The Lowdown on Markets to 4th November 2016
World Markets at a Glance
In this week’s issue
- Markets suffer a “Brexit moment” as woes mount over the US presidential election.
- Cash levels rise as investors take a more risk adverse stance ahead of important events.
- A UK High Court hearing rules that parliament should vote on when to trigger Article 50.
- The UK government will now approach the Supreme Court for this to be over ruled.
- The Bank of England governor Mark Carney announces that he will stay on until 2019.
- Risk assets are likely to remain volatile over the coming weeks as events unfold.
“Global equity markets retreat on fears over US presidential election result”
Last week saw the global equity markets suffer from a “Brexit moment” as investors became risk averse over the possibility that Donald Trump might score a victory in the US presidential election which will be held on Tuesday 08th November 2016. Clearly, this has been a very ugly, and at times, dirty election with Hillary Clinton and Donald Trump becoming very personal about each other’s lives to try and convert the electorate on Election Day.
Even in the last few weeks of the campaign we have seen story’s reported about Donald Trump’s alleged sexual misconduct over recent years, and then recently, it has been reported that the FBI was reopening its investigation over the story that Hillary Clinton had used a private email server whilst she was secretary of state. Clearly, these recent stories on each of the candidates has led to a much closer race for the White House, and perhaps more importantly, led to more volatile times in the financial markets.
On the face of it, as we enter the last few days in the campaign, the polls are showing a narrow win for Hillary Clinton making her the first lady president of the United States of America. However, the polls can be deceiving, remember what happened in the UK’s European referendum vote, when the UK electorate chose to leave the European Union when it was thought that the “remain vote” would win by a narrow margin.
“The polls are showing a narrow win for Hillary Clinton”
Whatever the outcome of the US presidential election the markets are likely to trade nervously over the coming days and weeks, clearly, we have already seen Wall Street, and the wider global investor, respond anxiously over the past few days with the S&P 500 Index recording its ninth straight losing session in a row, its worst run in 36 years. However, whilst nerves seem to be high, it might be that the UK referendum vote has given us a road map of what to expect over the coming few weeks.
Simply put, the UK market suffered from a big post-Brexit sell off, and a collapse in sterling, which then was subsequently followed by an aggressive rebound in stocks, particularly those that were beneficiaries from the weaker pound. Admittedly, sterling continues to suffer which is logical given the uncertainties surrounding the invoking of Article 50.

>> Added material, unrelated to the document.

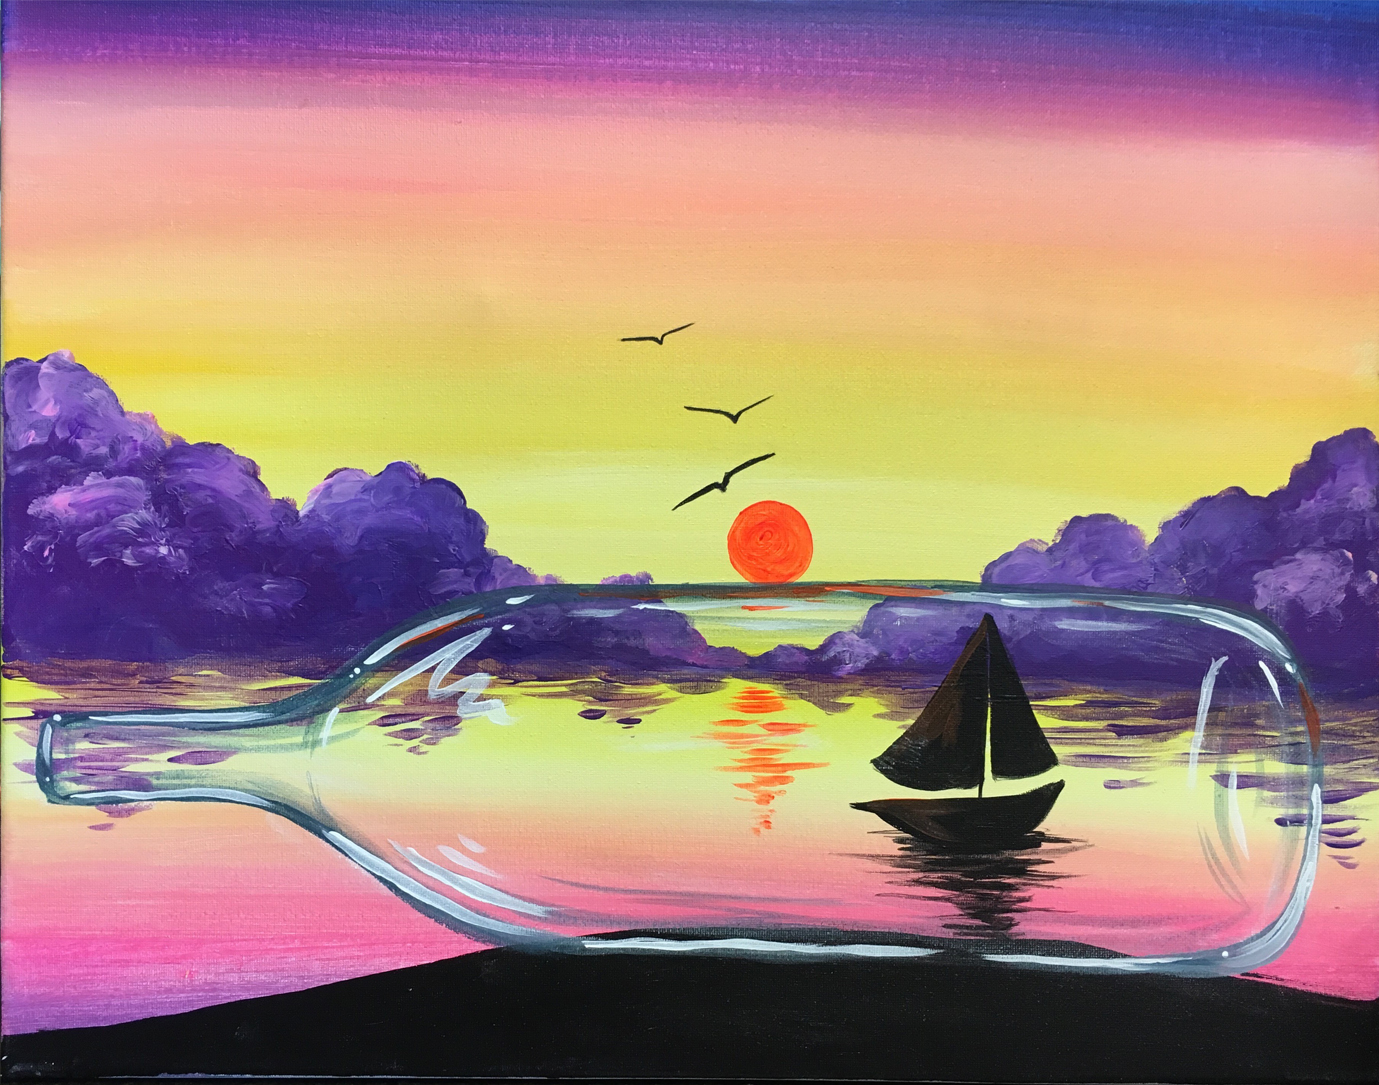 Ship in a Bottle - Pinot's Palette Painting

But of course, it will then be the longer-term issues that the markets will begin to focus upon, given that there will be conflicting winners and losers within the US stock market dependant on which candidate wins the election. Obviously, whilst both candidates have differing polices, as president, they will still need to confront the United States Congress, and whilst Mrs Clinton appears to be a known quantity, whilst Mr Trump is not, investment managers have already made some tactical calls, pre-election, to try and safe guard their portfolios from any unforeseen political events, or adjustments in the markets once the outcome is known.
Rising anxieties amongst global investors has led to cash levels rising in recent days whilst inflows into gold bullion and Government bonds have been chosen as the asset class of choice as a period of de-risking portfolios has taken place. Also the announcement from the Federal Reserve Bank that US interest rates would remain on hold pre-election has been a boost for the US bond market, as investors take refuge.
“The announcement from the Federal Reserve Bank that US interest rates would remain on hold pre-election has been a boost for the US bond market”
Another market indicator that has seen a noticeable rise in recent times has been the Vix Index which is viewed by many as a key measure of market expectation of near term volatility. Indeed, since the end of October we have seen this index rise by over 70 per cent which gives you some idea of how investors have become more nervous of current events as they unfold.
Similarly, another trial and tribulation that has affected market sentiment in recent times has been the ongoing question regarding the UK governments invoking of Article 50, which would begin the proceedings for the UK to exit from the European Union. However, on Thursday of last week a High Court hearing ruled that Parliament should vote on when the government can trigger Article 50 which immediately led to some turmoil in the market place leaving the FTSE 100 Index down by over 4 per cent over the week, whilst sterling gained ground over a basket of leading currencies.
In fact, since the FTSE 100 Index rallied above the 7,000 level back in October, we have seen the market drift back by just under 6 per cent which might be suggesting that investors are beginning to suffer some fatigue after the rally post Brexit. Furthermore, the National Institute of Economic and Social Research has predicted a 60 per cent drop in exports once the UK has left the European single market which has acted as an immediate headwind to market sentiment.
None-the-less, UK prime minister, Theresa May, has vowed to carry out “Brexit” in the full despite the High Court ruling on leaving the EU stating that the government needs to get on with the job and that MP’s should accept the UK electorates decision and the overall referendum result.
“There are some very important European presidential and parliamentary elections being held in 2017”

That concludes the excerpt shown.